Re: [PATCH] bfs: put a inode if link count is 0

From: Al Viro
Date: Thu Jan 09 2025 - 02:32:55 EST


On Thu, Jan 09, 2025 at 02:39:39PM +0800, Lizhi Xu wrote:
> On Thu, 9 Jan 2025 06:22:16 +0000, Al Viro wrote:
> > > The reproducer performs the rename operation on the file twice in succession
> > > and changes the file to the same file name. After the first rename operation,
> > > the number of links in the inode is set to 0. In the second execution, the
> > > same inode is used, resulting in a 0 value warning for i_nlink.
> > >
> > > To avoid this issue, put the target inode before exiting the bfs_rename.
> >
> > This is completely insane - you get an extra drop of in-core inode
> > refcount, which *will* end up with dangling pointer and memory corruption.
> > Besides, there is a perfectly legitimate case when you open a file and
> > rename something on top of it.
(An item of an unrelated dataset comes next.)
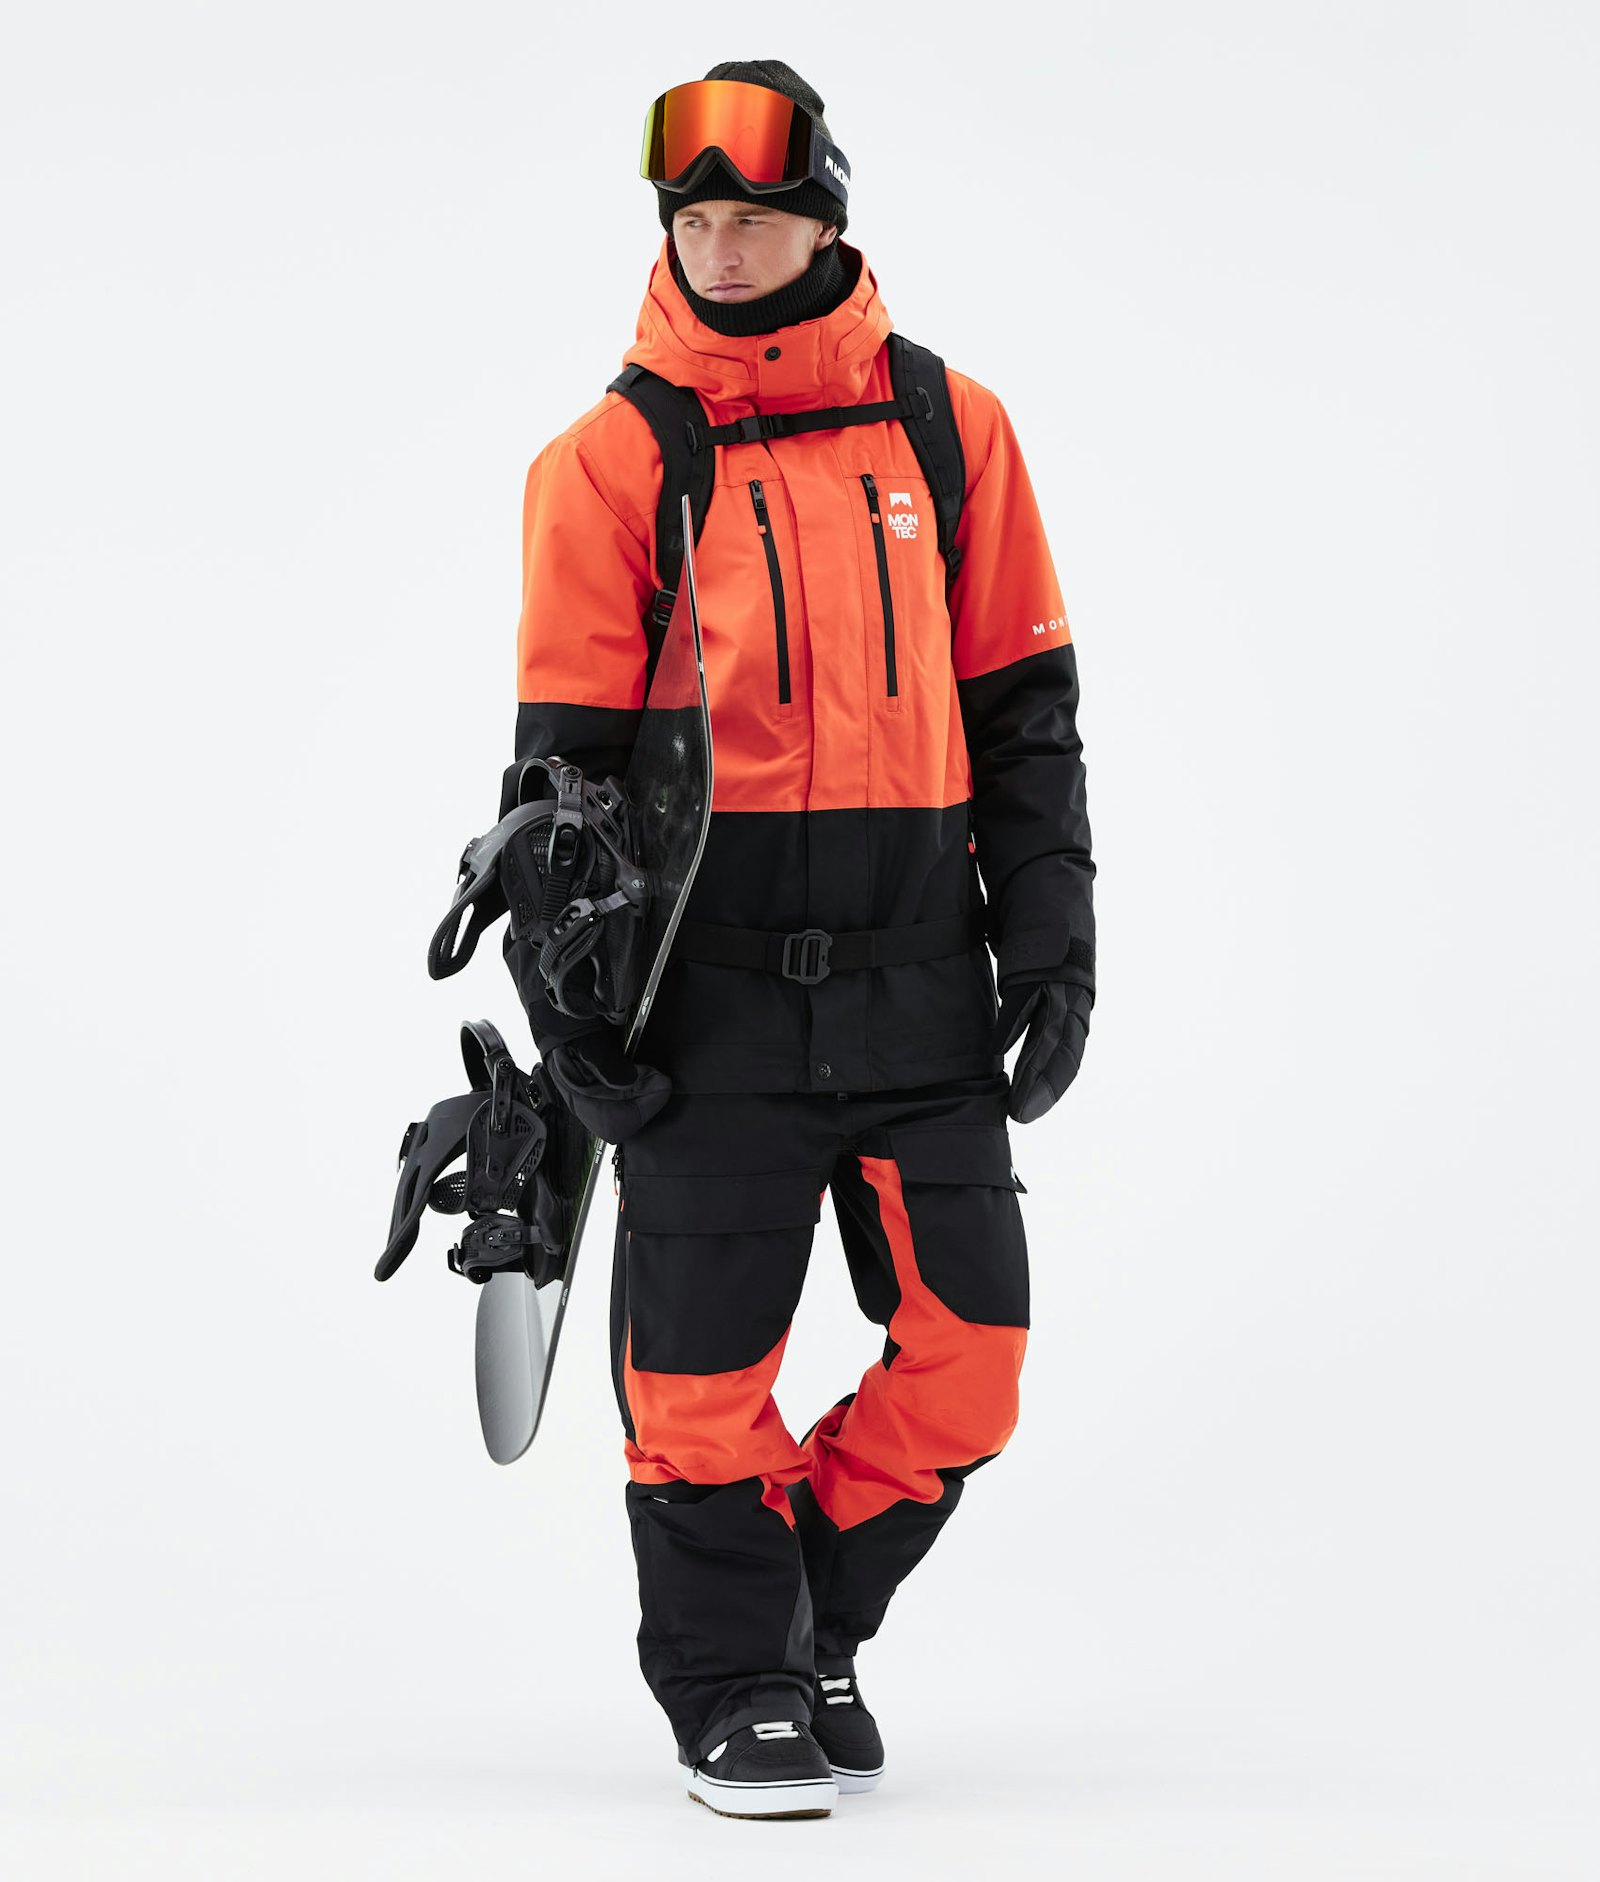 Fawk 2021 スノーボードジャケット メンズ Orange/Black

It MUST remain open and alive until the
> > last in-core reference to inode goes away, which must not happen before
> > close().
> In the reproducer, changes the file to the same file, the same file name is
> "file0", file0 uses mknod to create its inode and sets the i_nlink value to 1.
> There is no operation to open file0 in the reproducer. Is this situation also
> as you said?

I'm not sure I understand your sentence, to be honest.
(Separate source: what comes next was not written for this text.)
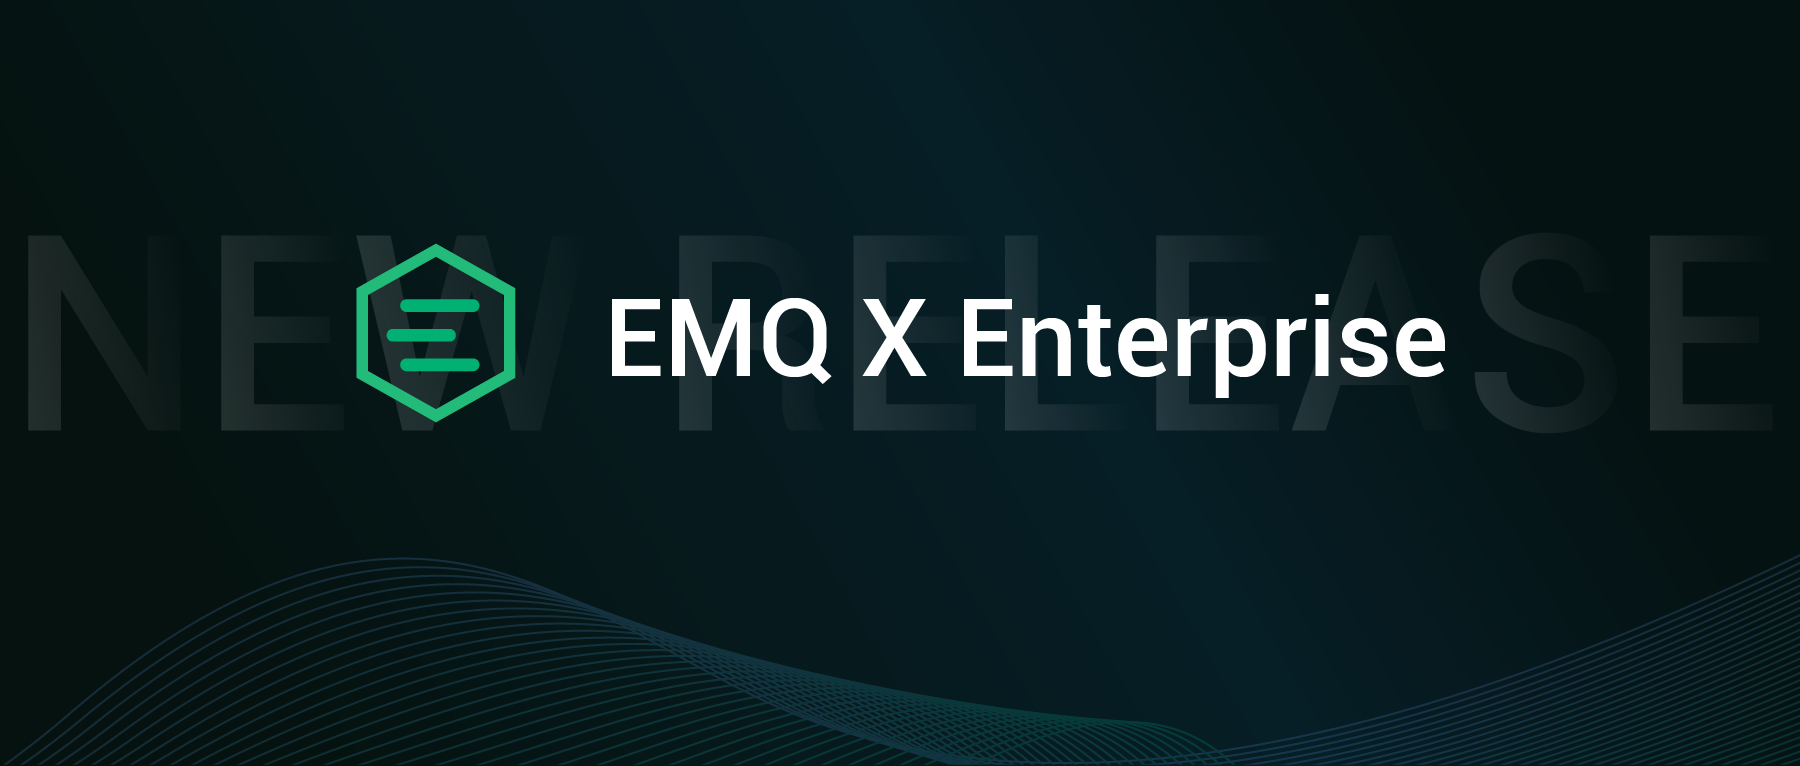 EMQ X 企业版 v4.4.0 发布：新增三项集成支持、增强异常诊断能力

Your patch is 100% wrong - you must *not*, under any circumstances, have
->rename() drop references to in-core struct inode instances. It's *always*
wrong; the reference to new_inode in new_dentry->d_inode remains there (as
it ought to) and its contribution to new_inode refcount remains unchanged.
It has nothing to do with ->i_nlink; you are decrementing ->i_count, which
controls the lifetime of in-core struct inode instance. As soon as that
reaches zero, struct inode instance will be freed. And destructor of
new_dentry *will* call iput() on its ->d_inode, so you'll end up with
attempt to decrement refcount of already freed memory object.
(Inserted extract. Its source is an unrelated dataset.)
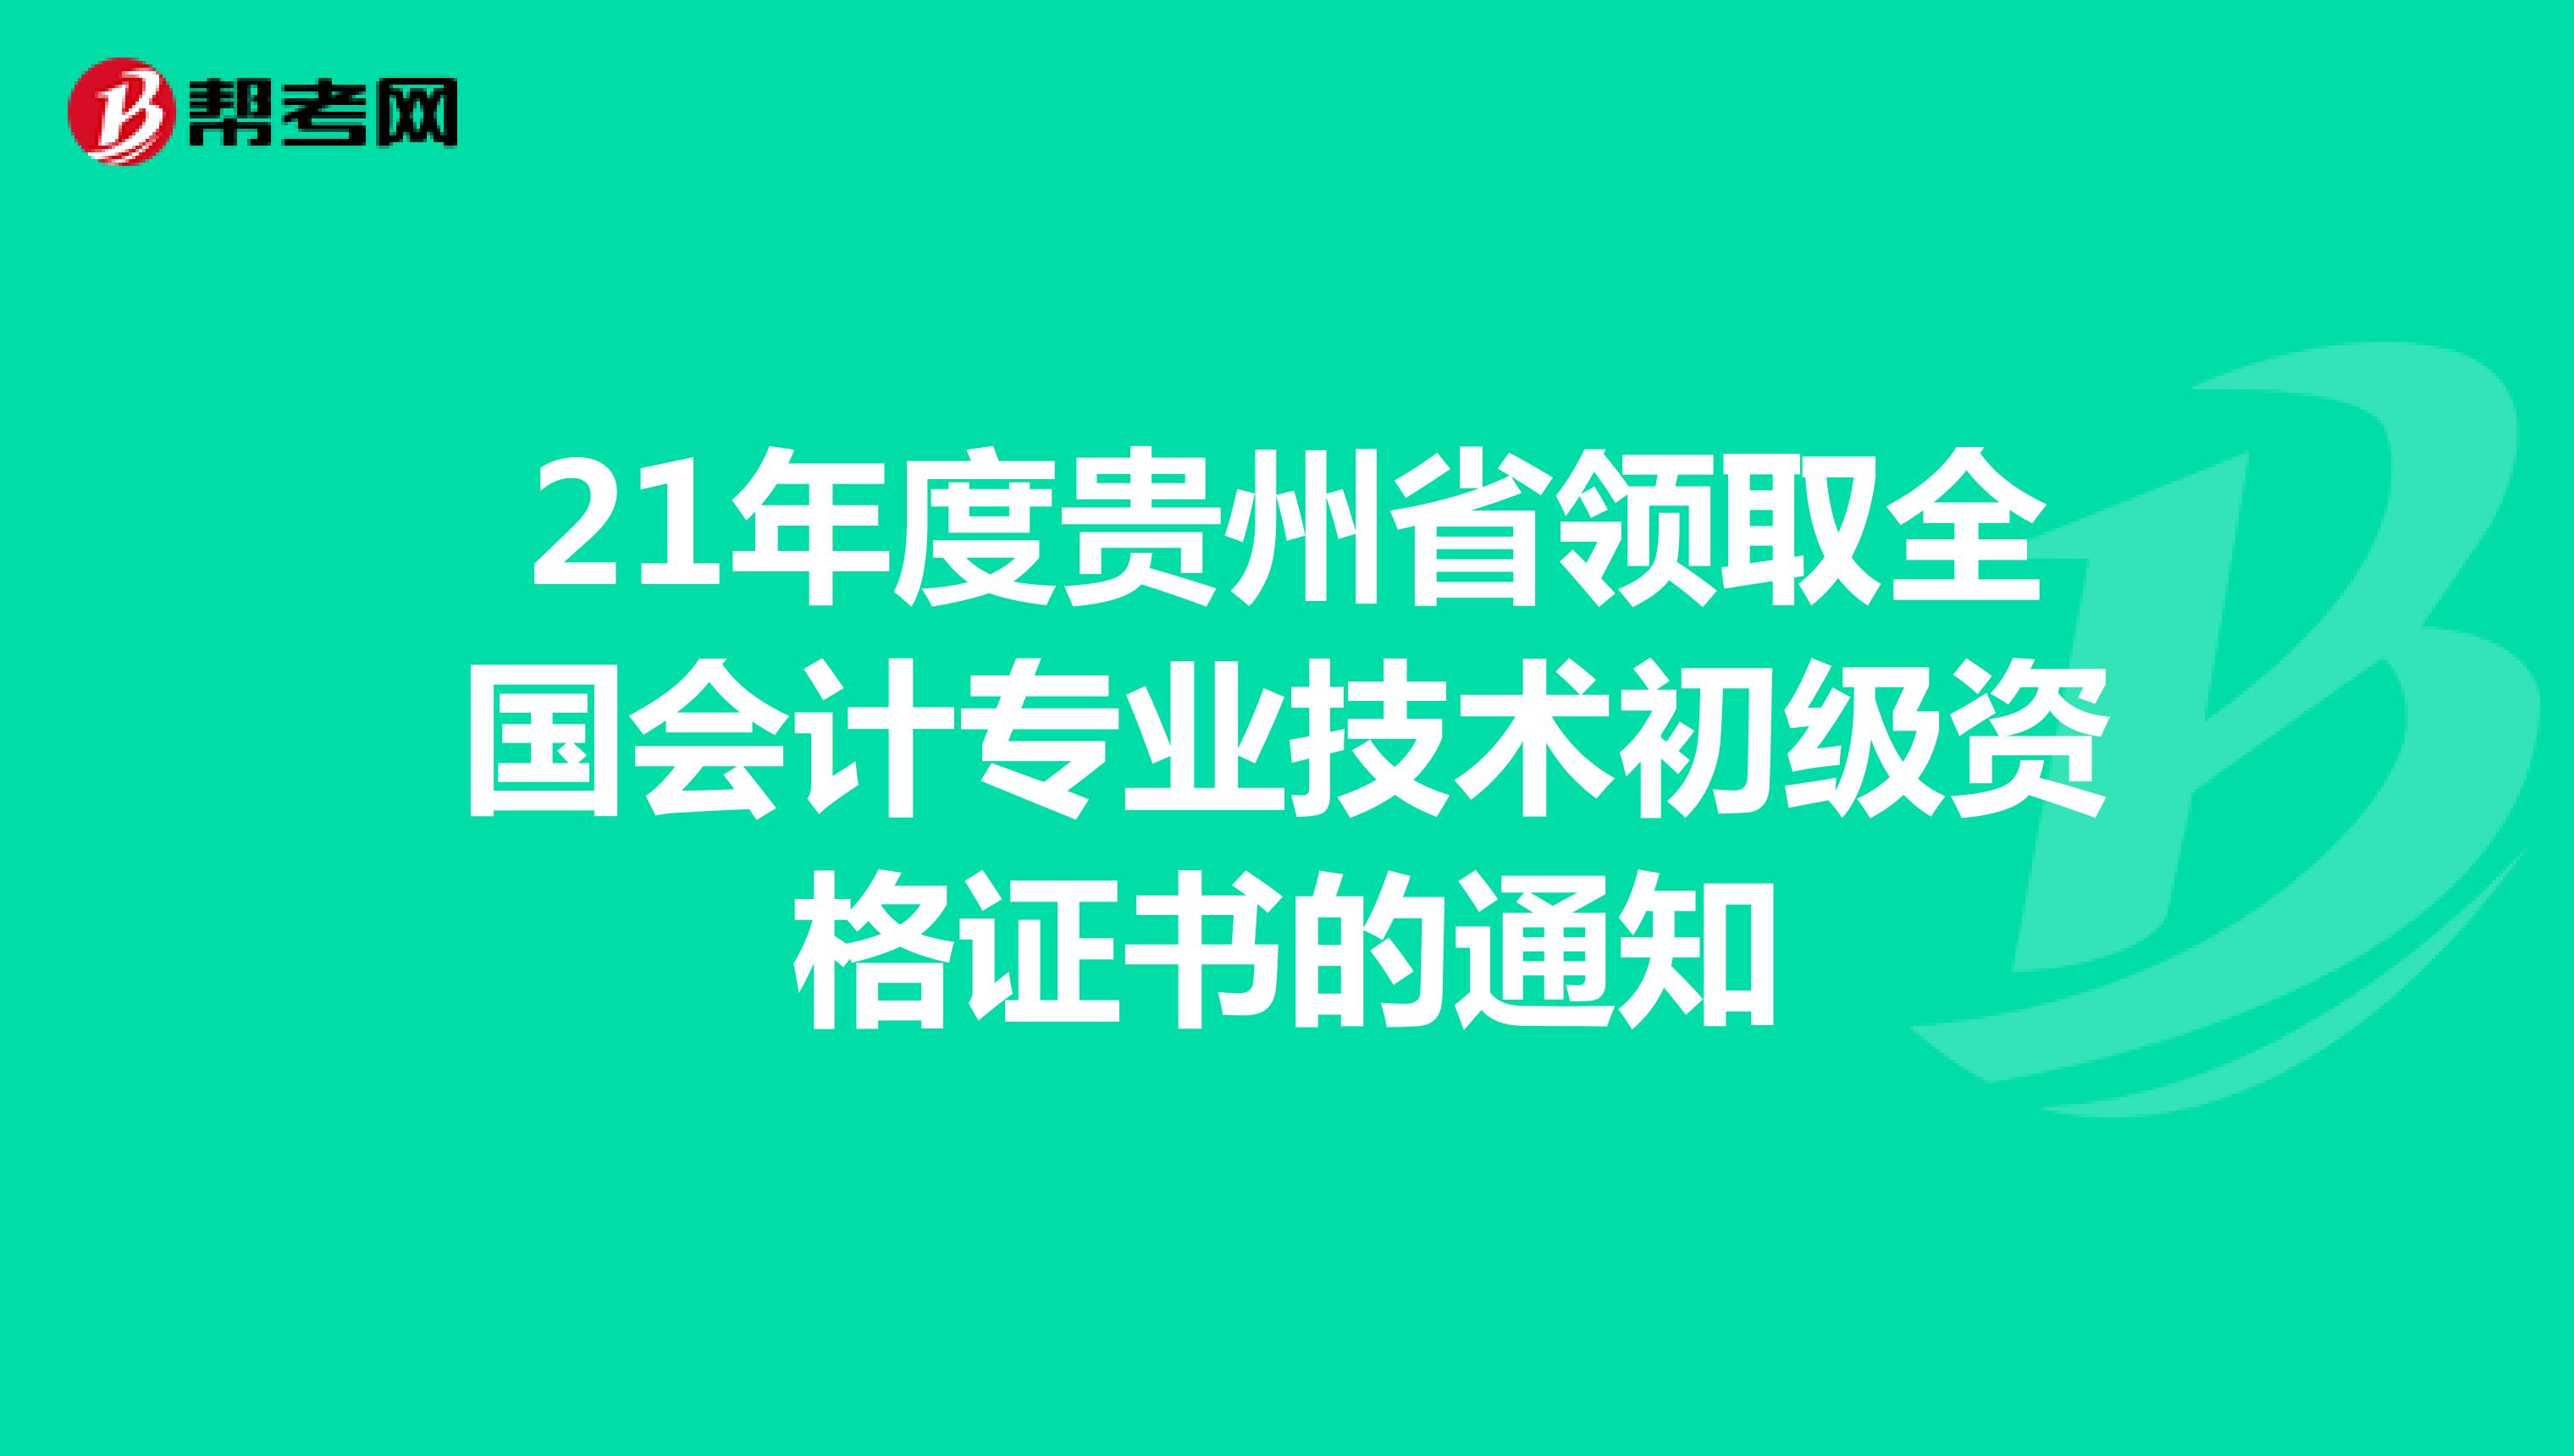 21年度贵州省领取全国会计专业技术初级资格证书的通知

Again, that has nothing to do with ->i_nlink. I'm not familiar with
bfs layout, so I can't tell what's going on with the corrupted image syzbot
are messing with just by visual examination. Is there, by any chance,
a preexisting file0 in the root of that bfs image? Does mknod() succeed
there? Because if it doesn't and what you have is a buggered image with
'file0' being there having zero link count, yes, renaming over it would
trigger warnings about detected corrupted filesystem - we are trying to
remove a link (on disk) to something that claims (on disk) to have 0 links
at the time of that operation; something is clearly wrong and deserves
a warning.

Again, that iput() in there is basically introducing random memory
corruption; it might make the warning go away, but it's not a fix.